Saturday, July 30, 2011

Multiculturalism and its Enemies - Part 1



If you take a look around North America, the case against multiculturalism seems baffling. The most multicultural cities on the continent - New York, San Francisco, Los Angeles in the US, Vancouver, Montreal and Toronto in Canada - are also the most economically vibrant, the most dynamic and generally considered the most desirable places to live. Crime rates are not particularly low, but they aren't particularly high either, with some more "national" cities much more dangerous, to defuse one of the most common reservations. Also, even in the multicultural world city, no one can force you to get close to those you don't want to get close to, or eat a type of cuisine you dislike, or observe some holiday you disapprove of - you can always decline the invitation, eat elsewhere, opt out.

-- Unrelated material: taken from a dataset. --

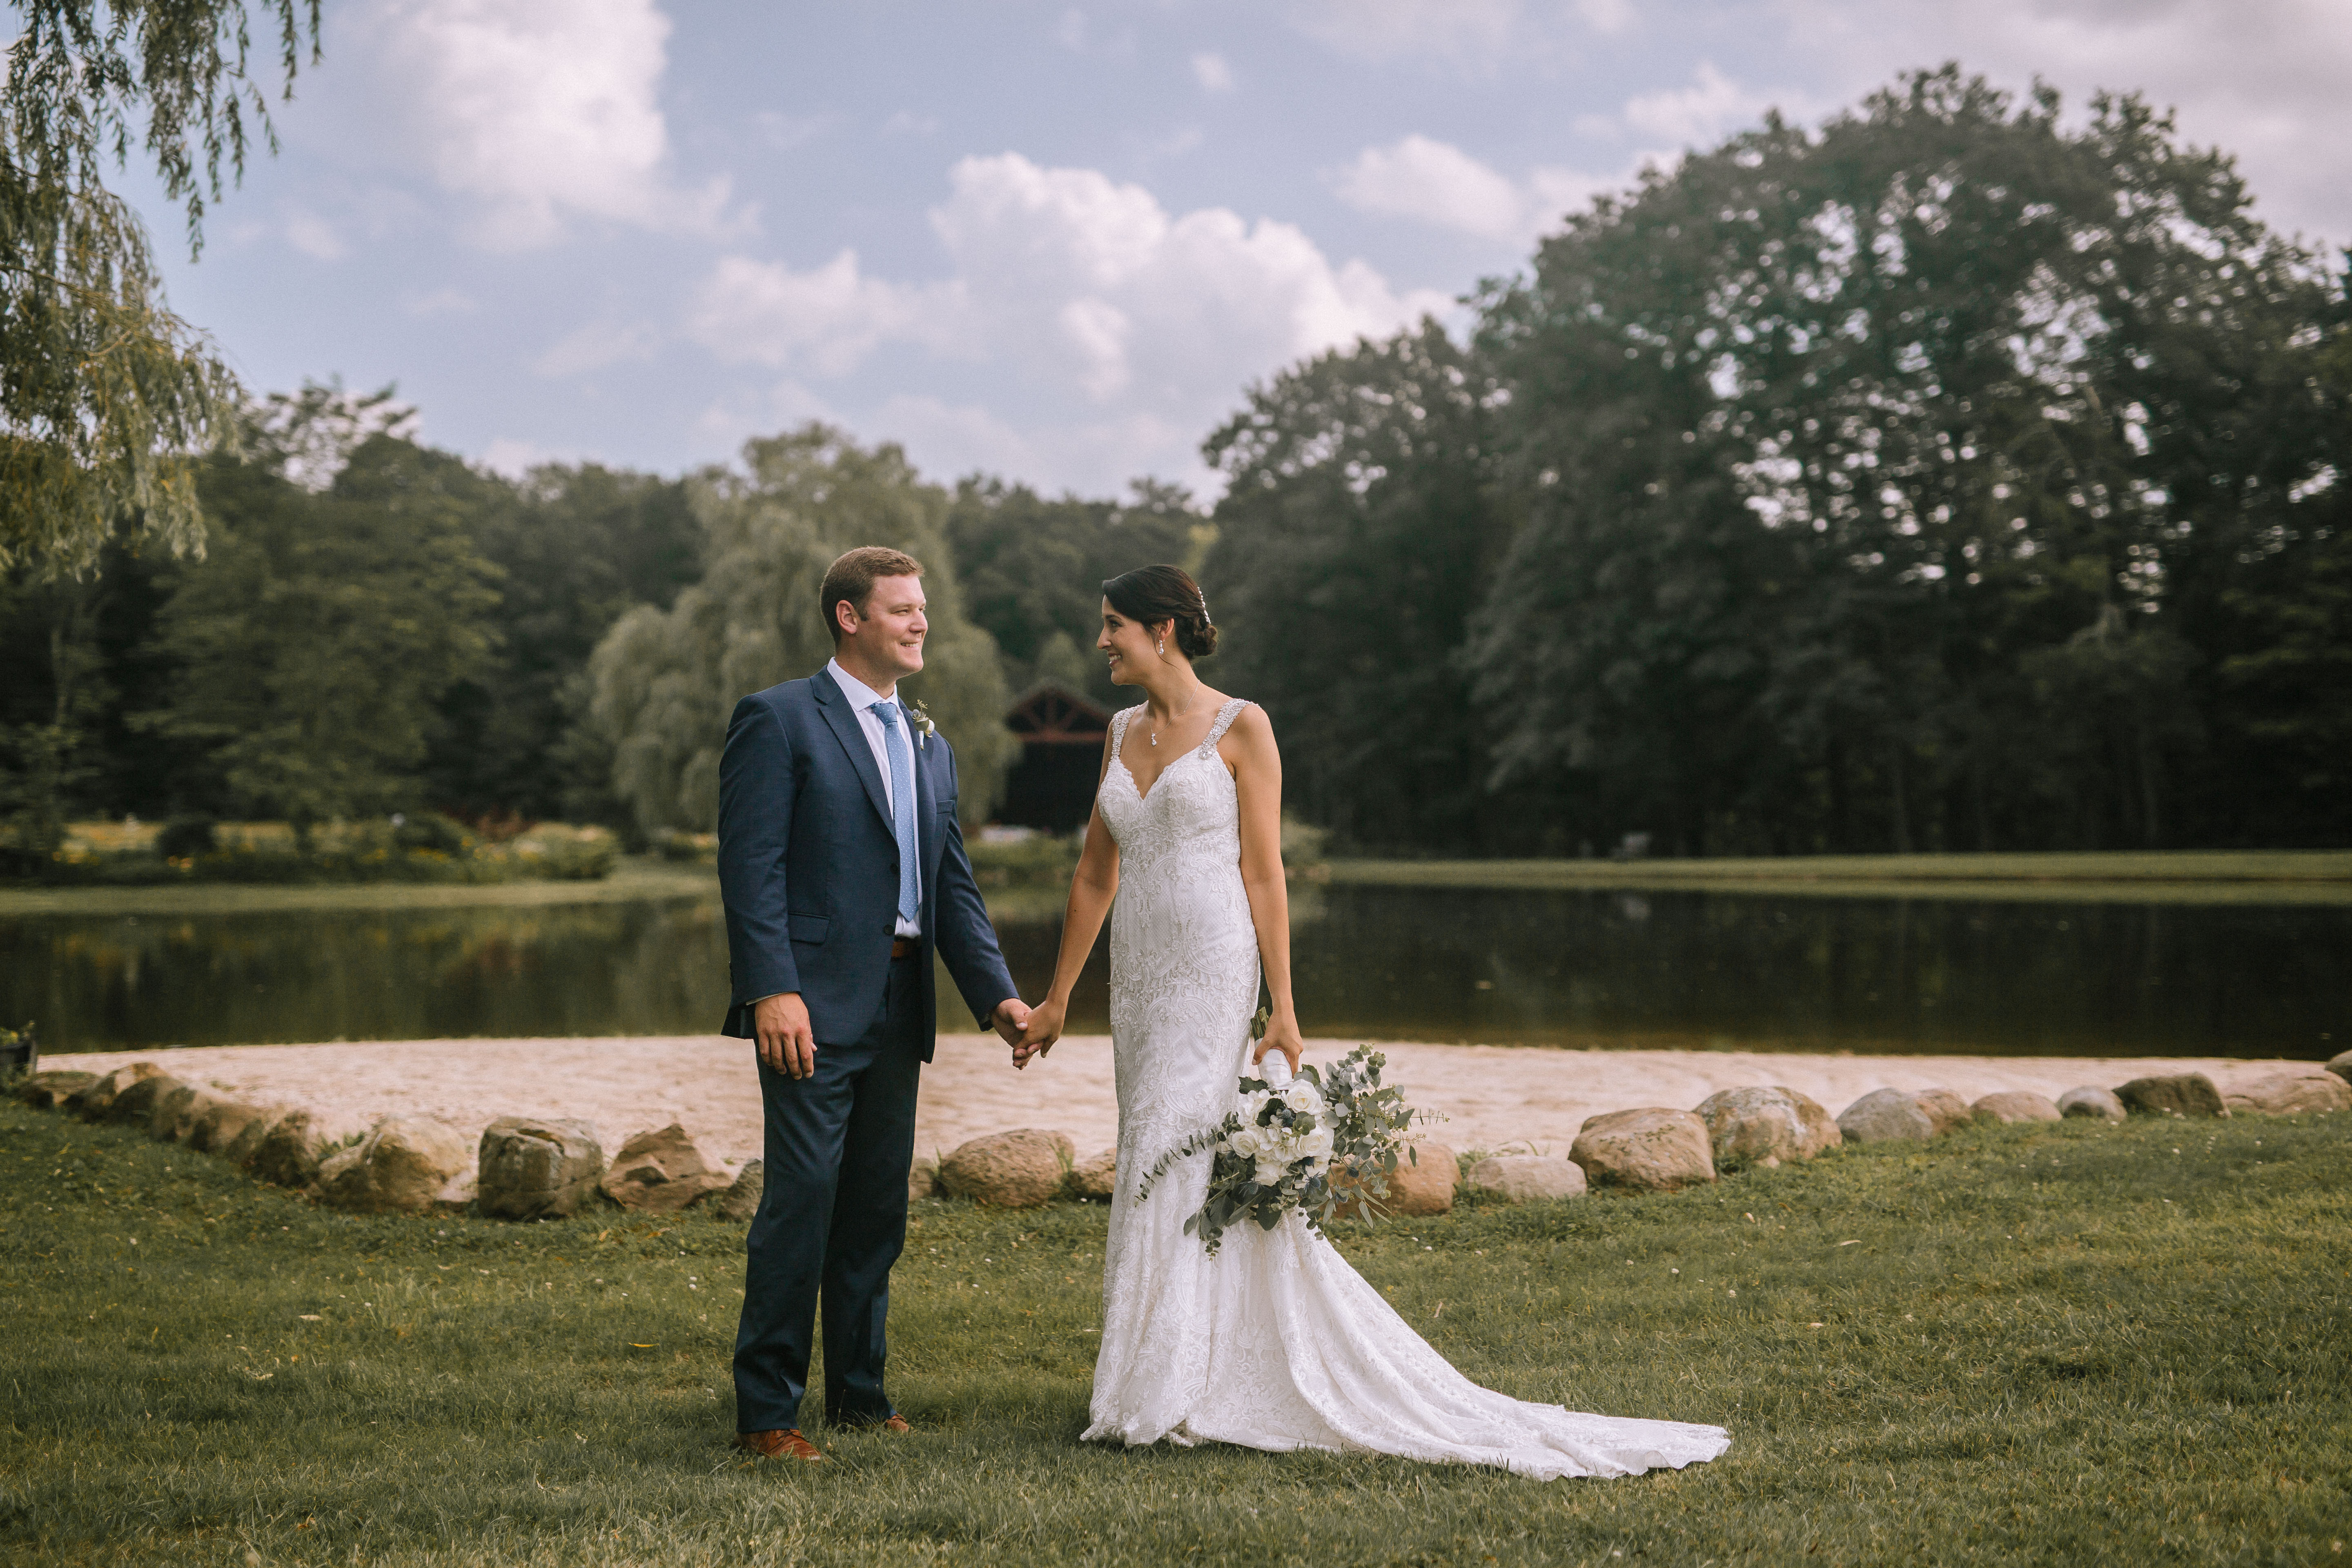 Mr. & Mrs. Wojciechowicz - Meadow Ridge Events Wedding

Multiculturalism just means more flavours of sexy

But the problem that people have with multiculturalism isn't about the present, and can't be found by looking at present conditions. It's about the past - an imagined past - and a future, usually a dreaded one.

Before Multiculturalism

The rational approach to questions of policy is guided by utilitarian considerations, cost-benefit analyses on a grand scale that are meant to capture all the effects that a given policy change may have on the welfare of individuals. Arguments concern the premises for your analysis, or its coherence of its model, or its predictive power, but no one, the recent Onion piece notwithstanding, challenges the utilitarian framework. To argue that policy should be formulated for a purpose other than benefiting the public - or at least some segment of the public, or to remove some injustice being done to the public - would be crazy. And not even bad crazy, but incomprehensible, weird crazy. Imagine trade policy being debated on non-utilitarian grounds. Or environmental policy. Or health policy. But when it comes to multiculturalism - or other issues deemed "cultural" - the frame breaks. Practical considerations are put aside, and support can be mobilized for policies that make no one better off and some people - the multis, to coin a term - much worse off. For committed liberals, libertarians, and conservatives that just care about money, that type of nativism is ugly and confusing, and tends to be chalked up to racism, homophobia, resentment or some generalized repugnant atavism. Once psychologized, the nativist reaction against multiculturalism can be dismissed as an irrational derangement. I think this is a mistake. This thing is deep, and it's smart.

1 comment:

  1. So happy to stumble across this blog. Not every day I get to read about atavism, one of my favorite isms. All part of the "us/other" territorial psychology that powers us as much as our chimpanzee cousins.